The advantages extend beyond mere productivity. Soilless environments demonstrate remarkable uniformity, with significantly less fruit damage due to the elevated growing system that prevents fruit-ground contact and crops mature earlier, all of which are critical factors for meeting tight market windows and executing successful multi-harvest cycles. This predictability allows growers to better coordinate with distributors and retailers, reducing waste and maximizing profitability.

While initial capital investment for soilless infrastructure may exceed traditional methods, the long-term return on investment proves compelling. Growers experience significant reductions in labor costs, difficulties in picking, pesticide applications, and water usage, particularly when operating within Controlled Environment Agriculture (CEA) facilities. These sophisticated greenhouse systems enable precise control over environmental variables, including light intensity, humidity levels, and fertigation schedules—essentially delivering precision agriculture at commercial scale (Alavi et al., 2025).

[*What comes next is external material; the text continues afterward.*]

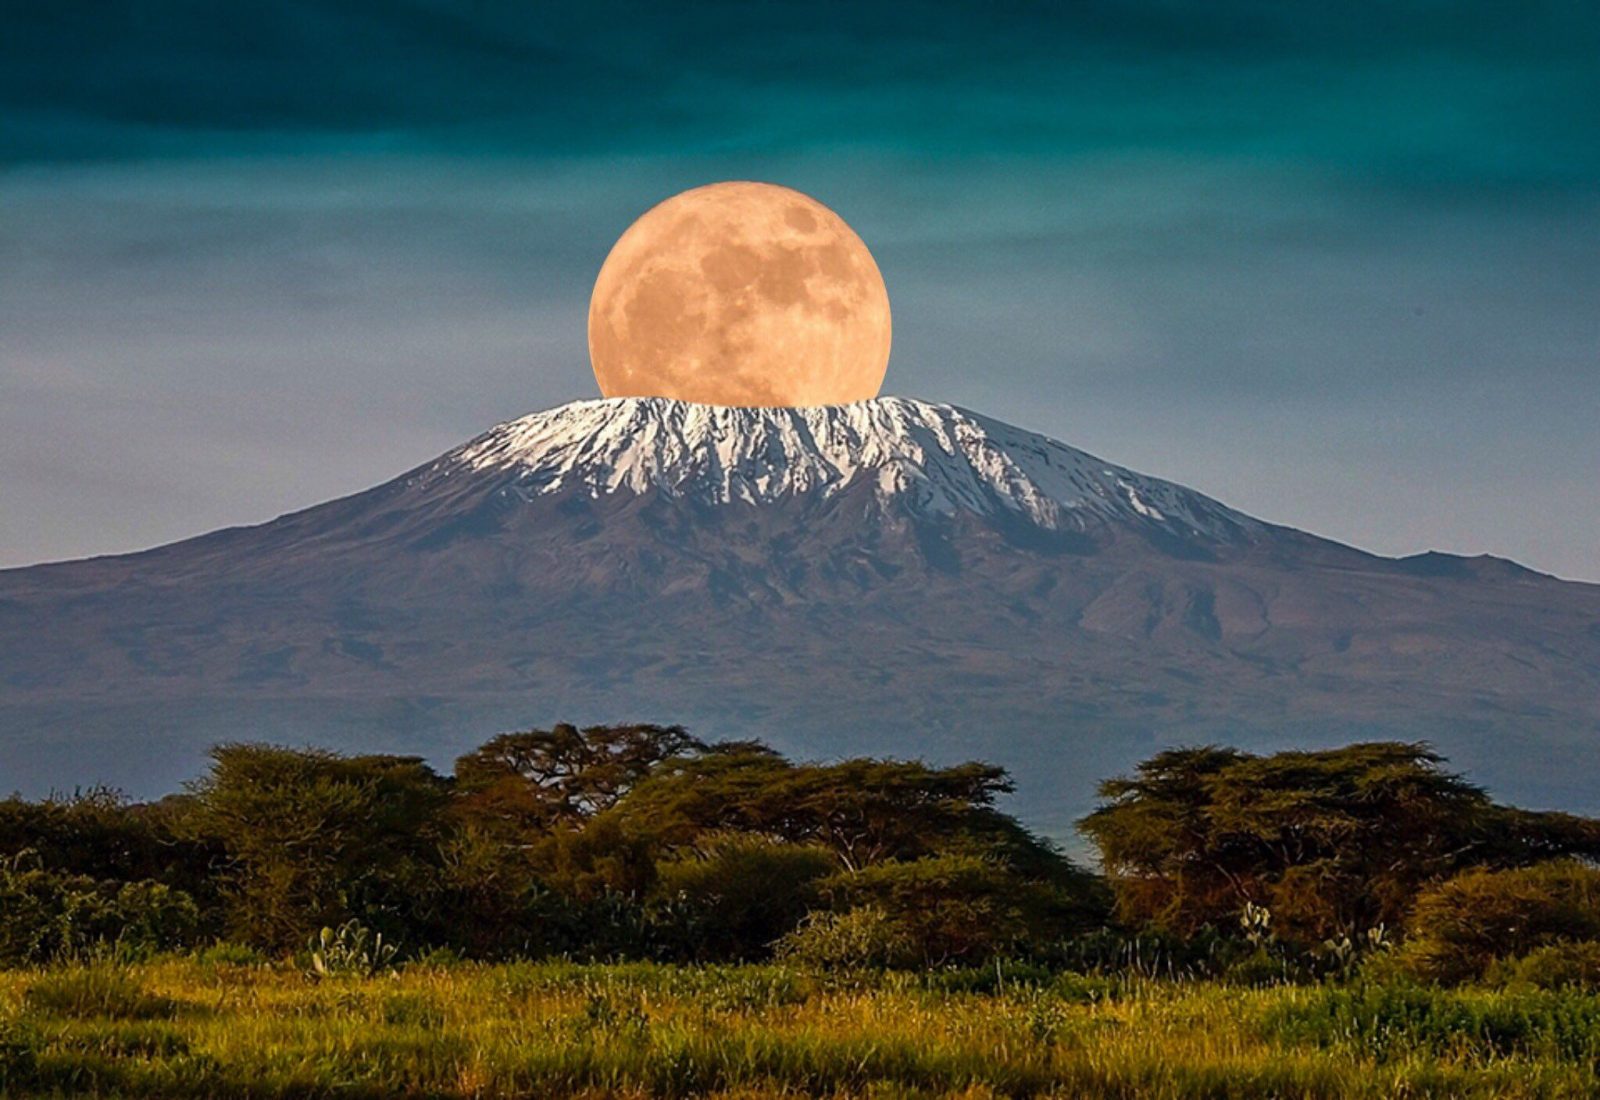 Do You Have Smarts to Pass This World Geography Quiz With Flying Colors ? Mount Kilimanjaro full moon

The environmental benefits further strengthen the case for adoption. Recent life cycle assessments reveal that soilless strawberry production generates fewer carbon emissions per kilogram of fruit compared to conventional soil-based methods, especially when incorporating substrate reuse protocols (Licastro et al., 2025). This sustainability advantage positions growers favorably within increasingly environmentally conscious markets.

Soilless cultivation has evolved from an experimental technique to a mainstream commercial strategy. For growers seeking scalable, efficient production without the constraints of soil quality and availability, the evidence is clear: in modern strawberry agriculture, “soilless” truly means more.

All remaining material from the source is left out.